Canada’s construction sector is seriously lagging in exploiting social media analytics and mining other data sources to improve projects, a Buildings Show workshop audience was told recently.
Beyond a few standout firms, the sector is complacent and falling behind such data analytics powerhouses as China and Germany, and even the United States is ahead of Canadian constructors, said Tamer El-Diraby, an associate professor in the Department of Civil and Mineral Engineering at the University of Toronto and the director of the Centre for Civil Informatics.
“It is the future and the Canadian construction industry needs to be going into the future because it is a fundamental change in thinking,” El-Diraby said in an interview after his Nov. 28 presentation. “It is not just a tool, it is not a computer program, or a website, it requires a change in behaviour, in the mentality in the organization. If we are not doing this we will be left behind.”
There are very few stages in the planning and execution of projects where the knowledge gained from data analytics can’t enhance the process, said the professor.
An expanded knowledge base enables better decisions on multi-modal transportation options, improved anticipation of consumer reaction to green-shift policies, better locations for transit stations, more thorough equity considerations as part of social needs analysis, better tracking of public opinion on dedicated streetcar routes — even improved maintenance plans for newly paved roadways.
“There is a ton of data around us that you can collect,” said El-Diraby. “The city is collecting data about potholes and traffic, they have tons of data in this regard. Environment Canada has tons of data about weather and changes. Revenue Canada has information about taxes which can tell you about the income of the community, and if you want to engage equity in your decision-making you can take out of this what you want.”
The repercussions of ill-informed decisions can be costly. El-Diraby gave an example of a project where social media was weighted too heavily.
After engineers planning the Eglinton Crosstown determined a Leslie Street/Sunnybrook Park station would be under-used and would not lead to intensification because there were already lots of residential towers in the area, local citizens banded together on Twitter to create a storm and, given an election was coming, Toronto council voted to keep the station, at a cost of $80 million.
“Social media is never a replacement for community meetings, traditional marketing and customer analysis,” said El-Diraby. “It is complementary only.”

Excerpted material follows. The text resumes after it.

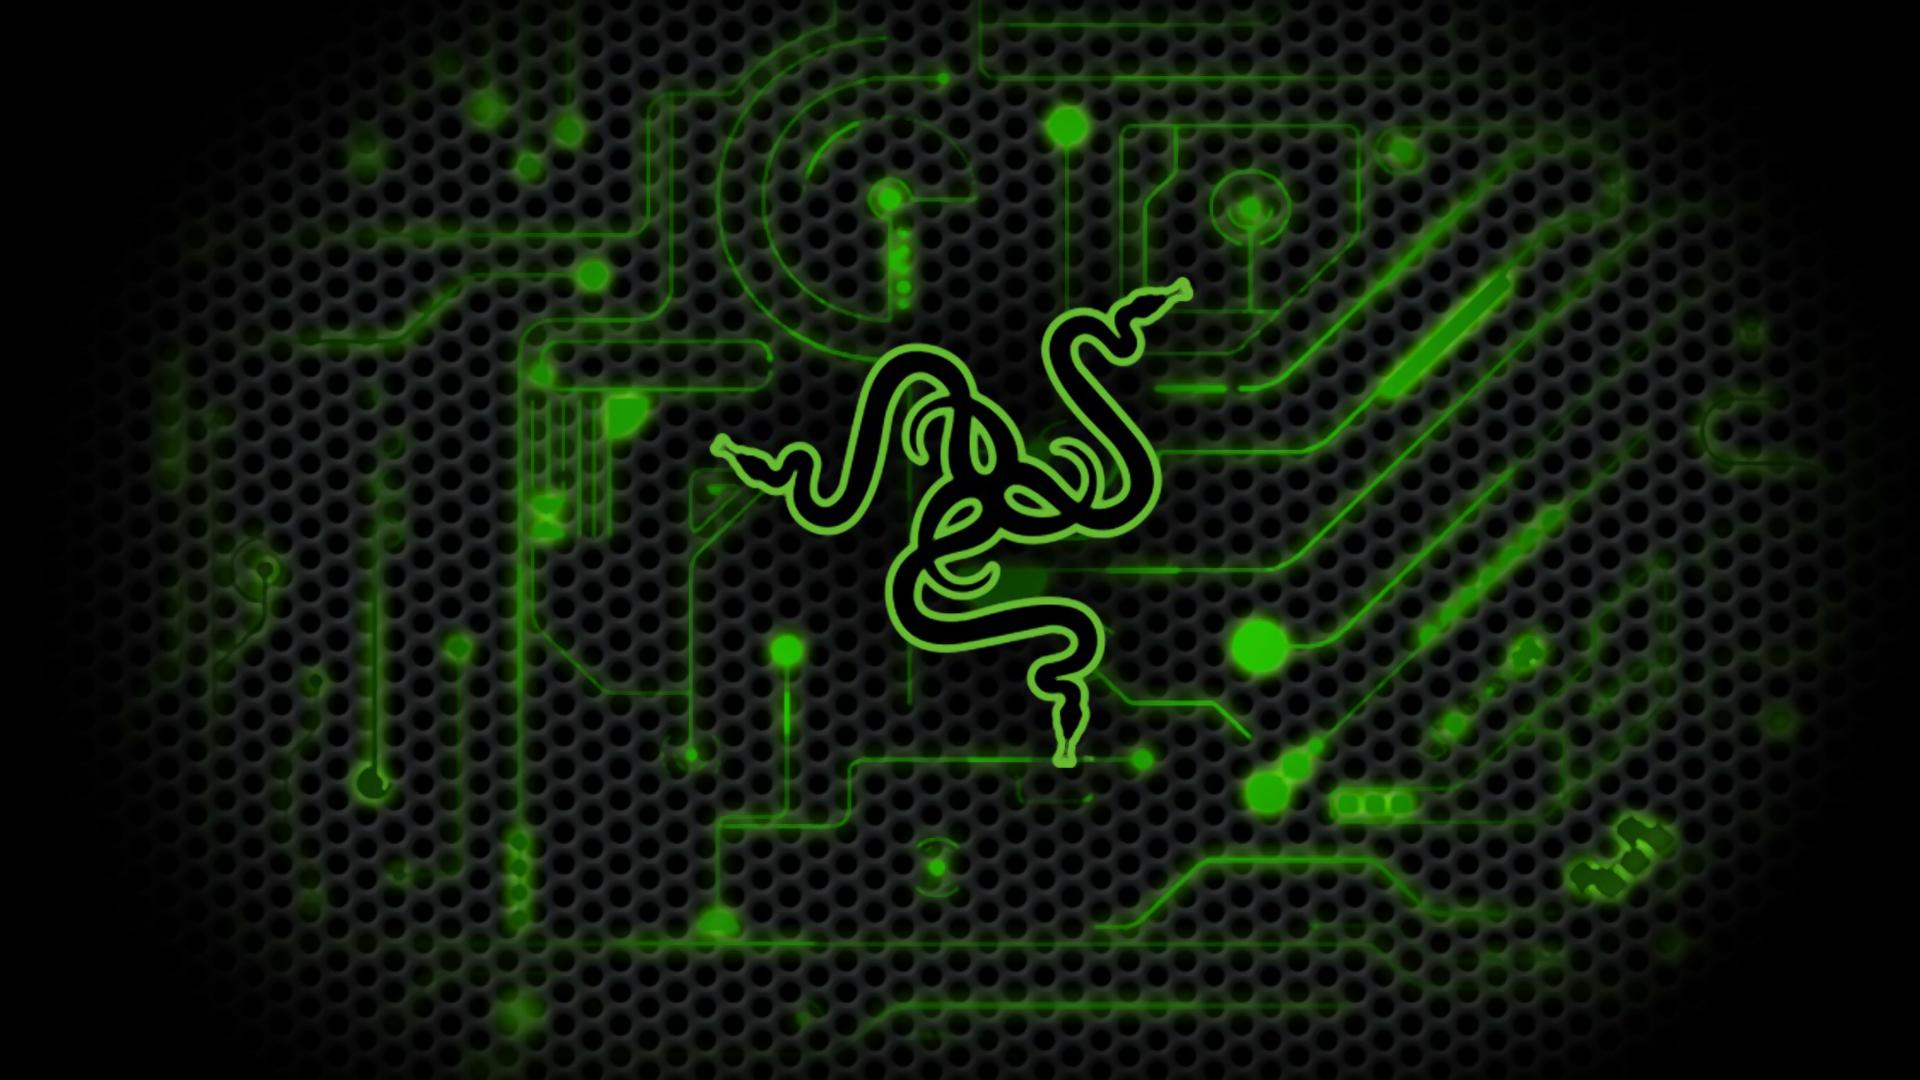 Razer gaming computer game wallpaper background html code - Razer Wallpaper 1920x1080 Hd Wallpapersafari

An analytics team tracked the Eglinton Crosstown process extensively to learn how communities were grouping together or diverging on strategy. A total of 33,135 distinct words were identified on Twitter relating to the process and analyzed. The project team had special insights when, for example, in January 2013, Toronto councillors proposed proceeding with the Eglinton section but delaying the Scarborough link.
“The beauty of the social, it’s called unstructured data because it comes in a text, but boy does it have a lot of knowledge in it,” said El-Diraby.
In the race of the knowledge haves and have-nots, he said, the haves are pulling away and using a whole new stakeholder engagement vocabulary that includes such terms as “social semantic analysis” to decide where bike-sharing depots should be placed in New York City, the “social BIM” of projects to create an “as built” record, “blockmodelling” that compares networks of information and “product ontology” that enables constructors to embed project data into existing web pages and databases.
El-Diraby said if the takeover of Aecon by the construction arm of the China Communications Construction Co. had gone through, the Canadian firm would have had a window into extensive new data usage practices.
“When you look at the China construction company, they are investing tons of money in intelligence and security, they have no limits,” he said. “When you look at the Germans, they are way ahead of us in this regard. So the Canadian construction industry should be aware of that.”
But Canada seems to be content with its current modest strengths and profits, El-Diraby said, with only a handful of large firms taking the leap forward into serious data analytics.
“Thankfully a couple of actors are doing well,” he said, referring specifically to EllisDon, PCL and IBI. “So I hope this will send the right message.”
Meanwhile, Canada’s public agencies are “way behind,” El-Diraby charged.
“The Ministry of Transportation, the cities, their perspective on decision-making is more complicated than a contractor who is calculating how much is the cost,” he said. “Their perspective must include responses to the community, responses to economic development, protection of the environment, being equitable, being protective of privacy.”